Edmund Patrick Cahill (born January 15, 1978) is an American actor known for portraying "Miracle on Ice" goalie Jim Craig in the 2004 film Miracle, and for playing the roles of Tag Jones in Friends and Detective Don Flack in CSI: NY. He has had numerous roles in television, films, and theater. His most recent starring role was in 2016 as District Attorney Conner Wallace in Conviction.

Early life
Cahill was born in New York City, New York. He is the middle of three children with an older and a younger sister. He is of Irish descent from his father, a stockbroker, and of Italian descent from his mother, an elementary school teacher.

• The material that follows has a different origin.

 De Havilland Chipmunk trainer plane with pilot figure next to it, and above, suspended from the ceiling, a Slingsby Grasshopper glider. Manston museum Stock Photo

Cahill graduated from Byram Hills High School in Armonk, New York in 1996. He attended Skidmore College in Saratoga Springs, New York and the Atlantic Theater Acting School, part of the New York University Tisch School of the Arts.

Career
In 2000 Cahill performed in Nicky Silver's Off-Broadway production of The Altruists. He was noticed by Sarah Jessica Parker and shortly after he made several television guest-star appearances including Sex and the City, Felicity, and Law & Order: Special Victims Unit. Cahill was also a recurring guest-star in the NBC sitcom Friends as Rachel's young assistant and boyfriend, Tag Jones. In 2002, he starred in a short-lived WB drama, Glory Days.

In the 2004 hockey movie Miracle, Cahill had the chance to play his boyhood hero, goalie Jim Craig. He had never played the goaltender position prior to the movie, so most of the game-action sequences of Craig were filmed with former NHL goalie Bill Ranford doubling for Cahill, although Cahill did shoot several key sequences from within goal.

When CBS decided in 2004 to create a third CSI series, CSI: NY, to add to its franchise, Cahill was hired to play the cocky, snarky homicide detective, Don Flack, who backs up the team of CSIs and who gets some of the best lines. The show ran for nine seasons and he was in all 197 episodes.

Cahill went back to the Atlantic Theater Company in June 2011 and performed at the conclusion of their 25th Anniversary season. He was in Tom Donaghy's one-act play, I Need a Quote, about "a hilarious telephone conversation between a single mother and a home insurance salesman."

In the summer of 2012 Cahill performed in David Adjmi's play, 3C, at the Rattlestick Playwrights Theater in New York City. He played "annoying neighbor Terry, a swinging bachelor true to the era, who unlike everyone else in this play, has no deep feelings at all."

In 2014 Cahill was cast as a main character starting in the second season of the CBS summer drama Under the Dome. He played Sam Verdreaux, a former EMT and reclusive brother-in-law to "Big Jim" Rennie. The series was canceled after three seasons.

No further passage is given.